Monetizing Security - How to Build a Listed P2PE Payment Solution
During the height of many major retailer breaches in 2013 and 2014, merchants were advised by the major card brands to upgrade their point-of-sale (POS) systems to include more advanced software security solutions, such as installing point-to-point encryption (P2PE) at the card swipe or point of interaction. However, despite the Payment Card Industry Security Standards Council (PCI SSC) having a P2PE standard in place, less than a handful of solutions met all of the requirements for listing with the PCI SSC.
In June 2015, the PCI SSC published an updated P2PE v2.0 Standard, reflecting major restructuring and refinements. The updated version streamlines validation efforts, which will ultimately provide merchants with additional choices in P2PE-listed solutions and an easier path to utilizing these solutions. Two of the major changes include a new modular approach to the domains, as well as the addition of domain 4, which allows merchants to manage their own decryption environment. The modular approach means that P2PE solution providers can rely on PCI-validated component service providers that provide POI terminal applications, encryption, decryption, or key management services. This also creates an opportunity for solution providers that specialize in these areas to be validated once and provide service for multiple P2PE solutions.

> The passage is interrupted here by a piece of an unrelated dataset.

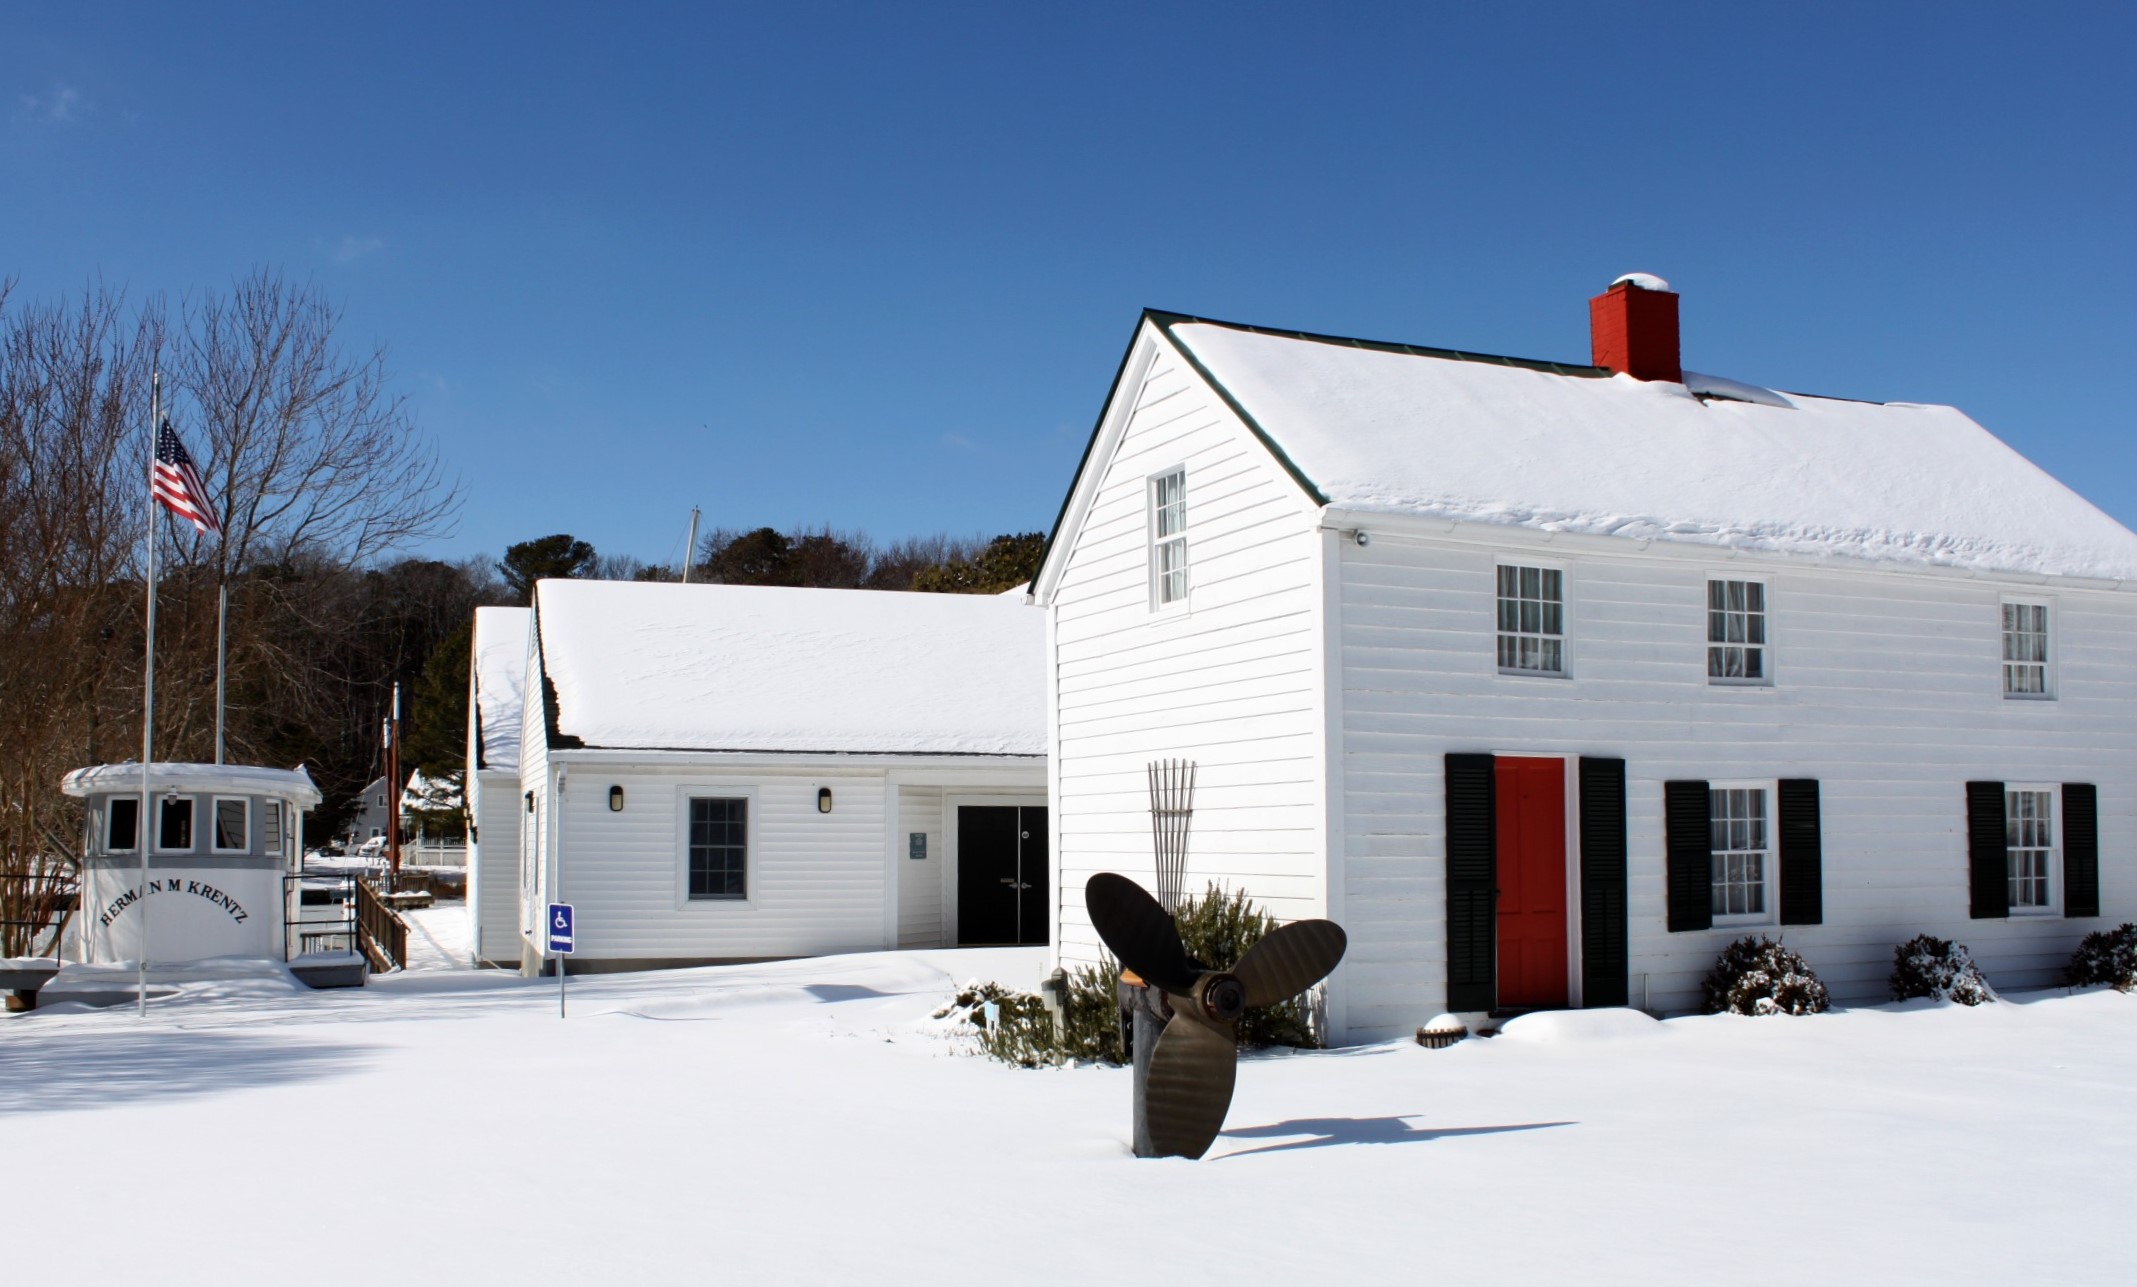 A two story white clapboard house with dark shutters and a chimney and a one story white out building behind it

A limited number of P2PE solution providers are currently designated as PCI-listed P2PE solutions, but more are expected to enter the marketplace with the new P2PE v2.0 Standard. It takes an average of eight months to go through the certification process to obtain validation and earn a PCI P2PE listing. Those looking to create a differentiated merchant payment product by offering a listed P2PE solution should begin planning validation efforts early to avoid delays in bringing products to market.
By working with a certified P2PE Qualified Security Assessor (QSA) to validate their P2PE solutions or components, payment service providers can show a significant reduction in their overall corporate risk, as well as provide a more secure payment solution that merchants demand.